## INSTRUCTIONS FOR THE TASK
Give again, exactly as written, the lines of the records below from the line with "Black Girls Coloring Pages" to the line with "Free Coloring Pages DanaClarkColors". Both end lines count; pictures do not.

## DATA
______________________________
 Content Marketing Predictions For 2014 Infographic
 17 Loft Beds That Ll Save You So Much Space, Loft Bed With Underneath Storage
______________________________
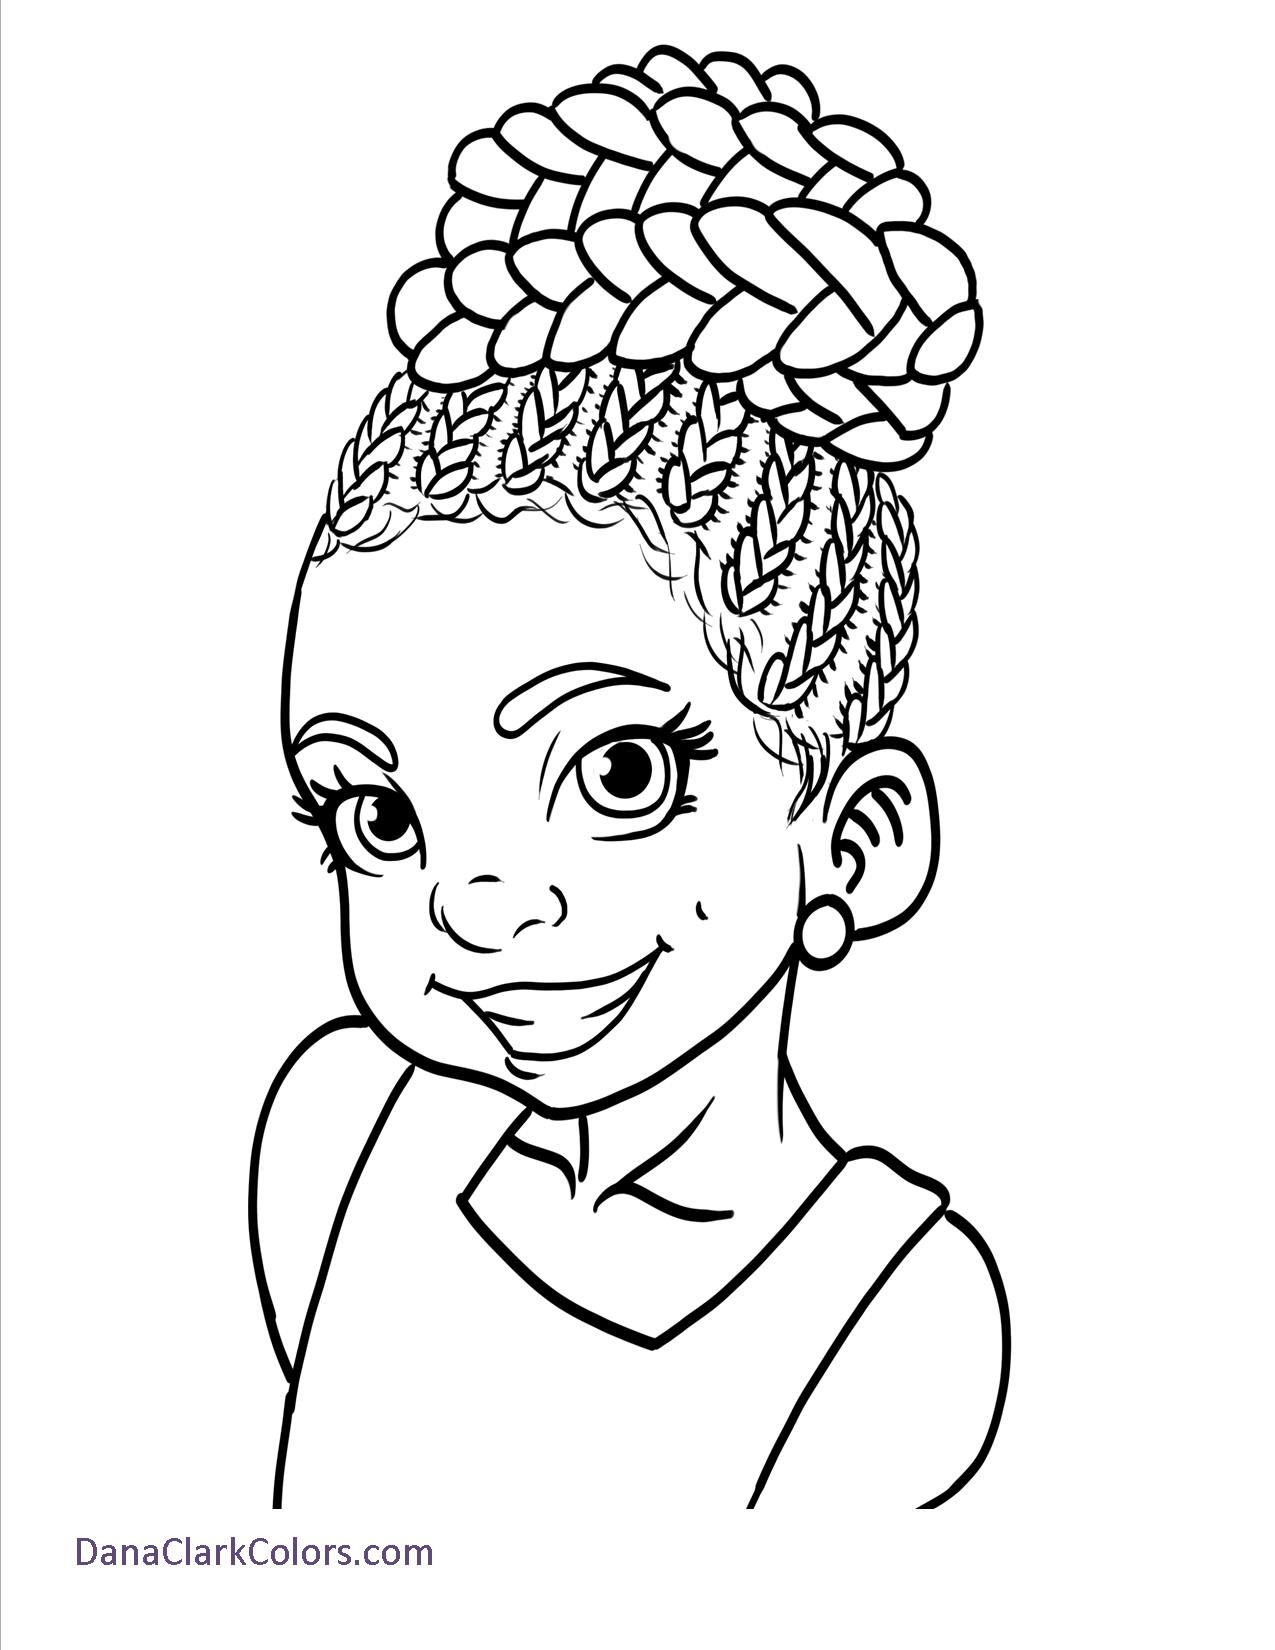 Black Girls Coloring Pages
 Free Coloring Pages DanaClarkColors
______________________________
## TASK SOLUTION
 Black Girls Coloring Pages
 Free Coloring Pages DanaClarkColors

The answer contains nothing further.